MOBILE, Ala. – A prosecutor said Friday he will file capital murder charges against a woman accused in courtroom testimony of beating her common-law husband's two children while they were bound, calling them "demon spawns from hell," and letting them die.
Mobile County District Attorney John Tyson Jr. said he decided to seek tougher charges against Heather Leavell-Keaton, 22, after getting new information on the same day as the gruesome testimony. Tyson would not disclose what his office learned, citing the ongoing probe.
The prosecutor said he has not decided whether to seek the death penalty against Leavell-Keaton. Leavell-Keaton, who is already jailed on other charges, will have a hearing next week on the two new counts against her.
"This is an awful, awful set of facts and circumstances," Tyson said.

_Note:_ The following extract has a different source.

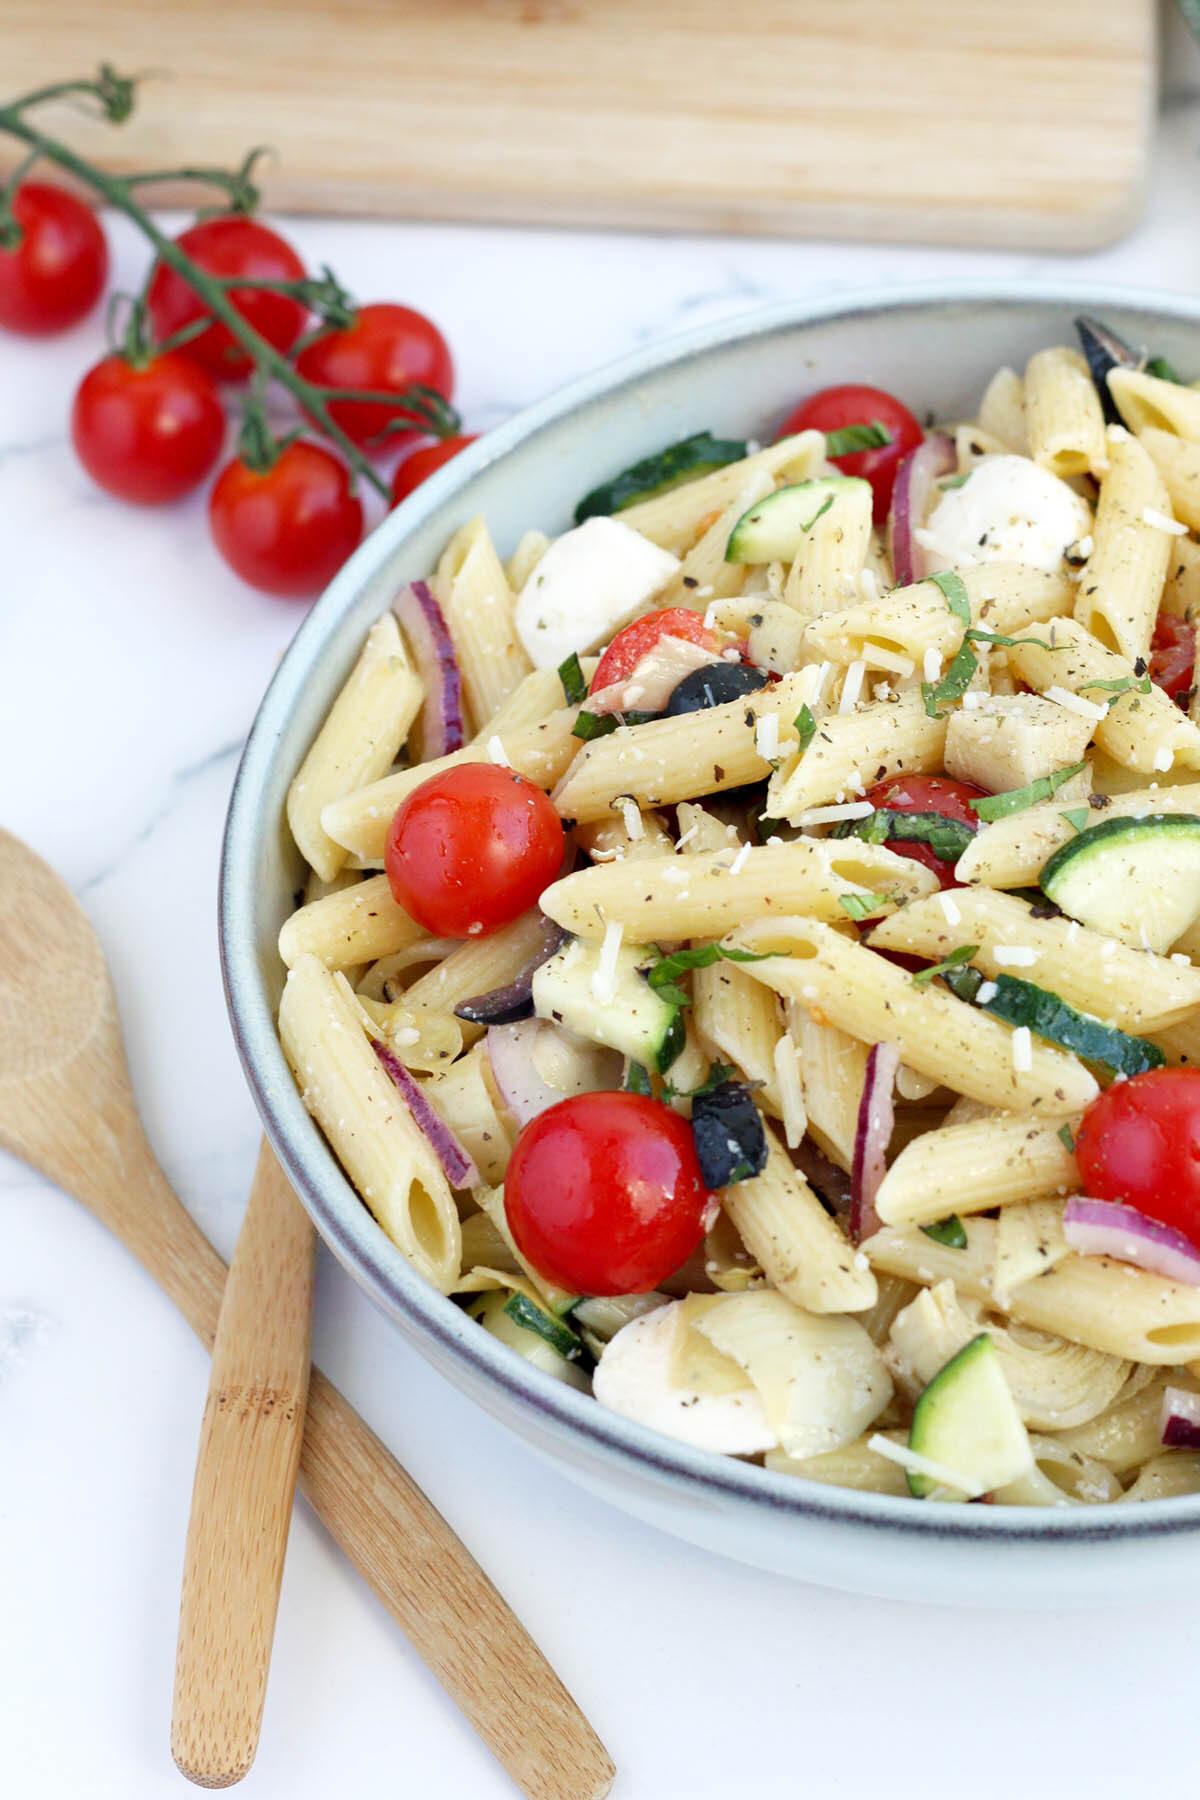 italian pasta salad with tomatoes and zucchini in a serving bowl with wooden utensils

During a hearing Friday, investigators testified that Leavell-Keaton told police that the children's father, 27-year-old John DeBlase, used rat poison to kill his children and dumped their bodies in woods of south Mississippi and Alabama. He is charged with two counts of felony murder and two counts of corpse abuse in the deaths of 3-year-old Chase and 4-year-old Natalie DeBlase.
The judge ruled at the preliminary hearing for DeBlase and Leavell-Keaton that there was probable cause to send the case to a grand jury.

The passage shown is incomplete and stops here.